The photosensitive resin composition for a color filter and the method for producing a color filter according to the present invention have the above-mentioned effects, and therefore, when producing a color filter using a photolithography method, the color which is the original purpose is obtained. A photosensitive resin composition for a color filter, which can reduce the amount of exposure during pattern formation and improve the working efficiency without deteriorating the performance of the filter, and a method for producing a color filter using the same.
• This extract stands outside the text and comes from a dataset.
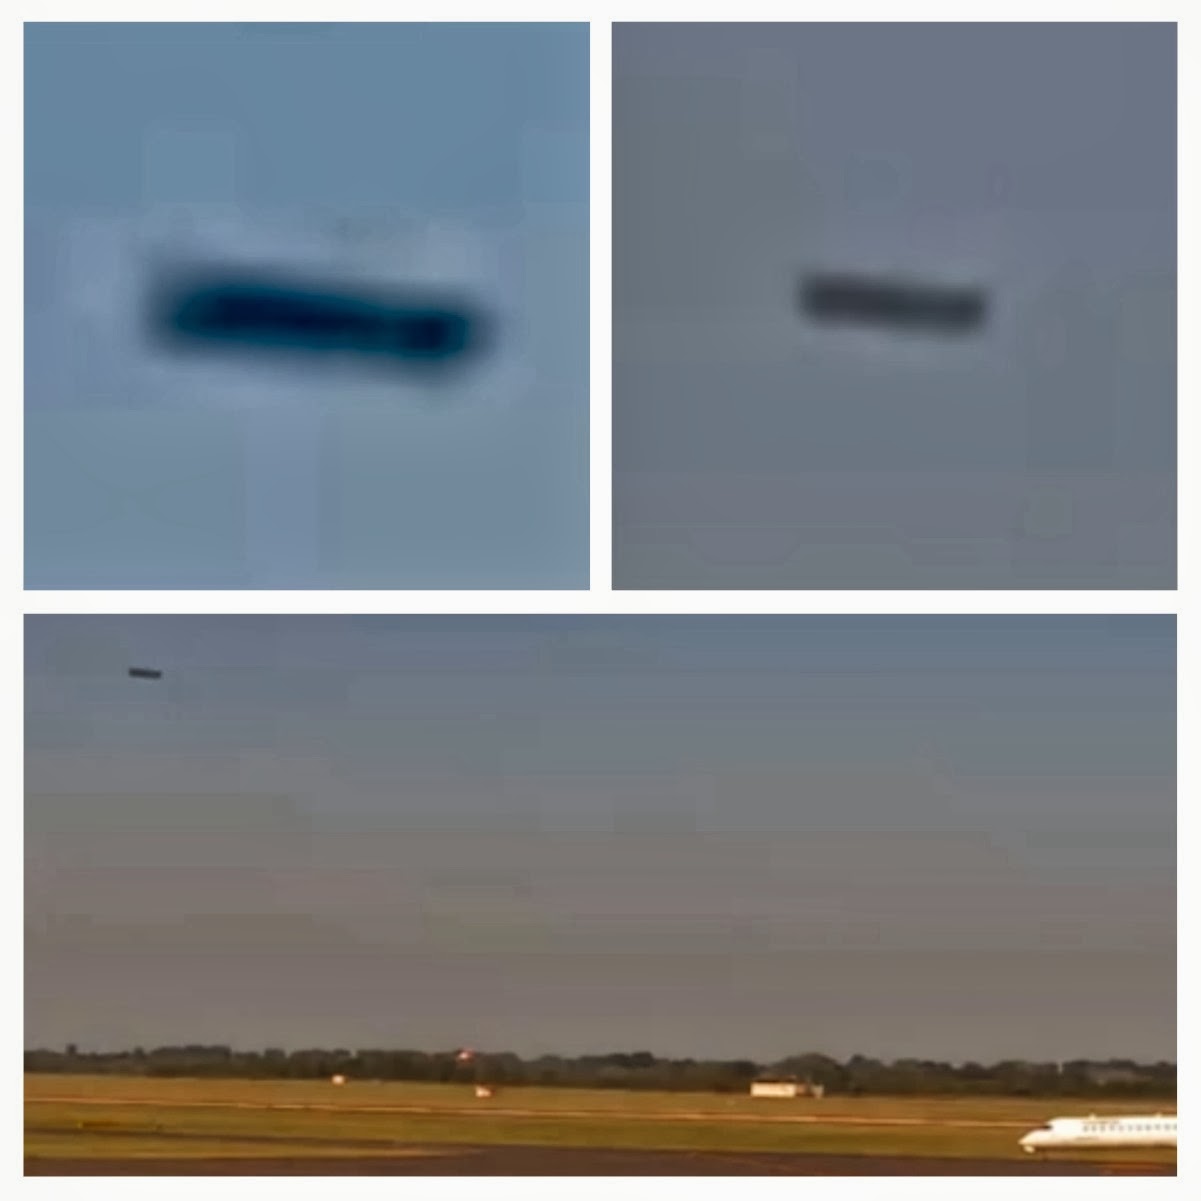 Сигарообразный НЛО пролетел над германским аэропортом

──────────────────────────────────────────────────続 き Continued on the front page (51) Int.Cl. ⁷ Identification symbol FI Theme coat ゛ (Reference) C09D 5/32 C09D 5/32 F term (Reference) 2H025 AA01 AB13 AC01 AD01 AD03 BC31 BD42 BE01 BE07 BF15 CA01 CA42 CC11 FA03 FA17 2H048 BA45 BA48 BB02 BB41 2H096 AA28 BA05 BA11 CA12 DA01 EA02 EA11 GA08 HA01 4J002 BC041 BF021 BG011 BG031 BG071 BG131 BJ001 EB118 EE038 EE058 EK008 EL026 EL036 EG008 EL0800 018008 ER008

Claims (7)

[Claims] 1. A photosensitive resin composition for producing a color filter having a plurality of groups of filter pixels having different spectral characteristics on a substrate, comprising: a polymer conjugate; a coloring agent mixed therein; It is characterized by containing a photoinitiator that generates an active species that initiates a photoreaction by light irradiation, and a sensitizer that sensitizes the photoinitiator and decolorizes by an external stimulus such as light or heat. Photosensitive resin composition for color filters. 2. The photosensitive resin composition for a color filter according to claim 1, wherein the absorption spectrum of the sensitizer exists in a wavelength region where the transmittance of the colorant is 50% or more. 3. The photo-initiator is a radical generator and contains a photo-polymerizable monomer having at least one ethylenically unsaturated bond in the molecule.
The photosensitive resin composition for a color filter according to the above. 4. The photoinitiator is an acid generator or a base generator, and has an oxirane group or an oxetane group in a molecule.
The photosensitive resin composition for a color filter according to claim 1, further comprising a photopolymerizable monomer having at least one photopolymerizable monomer. 5. The photosensitive resin composition for a color filter according to claim 1, wherein the sensitizer is a cyanine or merocyanine dye. 6. The photosensitive resin composition for a color filter according to claim 1, wherein the polymer conjugate is soluble in an organic solvent or water. 7. A polymer conjugate, a coloring agent mixed therein, a photoinitiator for generating an active species for initiating a photoreaction by light irradiation, a photoinitiator for sensitizing the photoinitiator, and A photosensitive resin composition containing a sensitizer that decolorizes due to an external stimulus such as heat is applied to a substrate, and after forming a film, a single color pattern is formed by exposing and developing by photolithography. A process for producing a color filter, wherein the process is repeated for three colors of red, green and blue, and the sensitizer is decolorized to produce a color filter.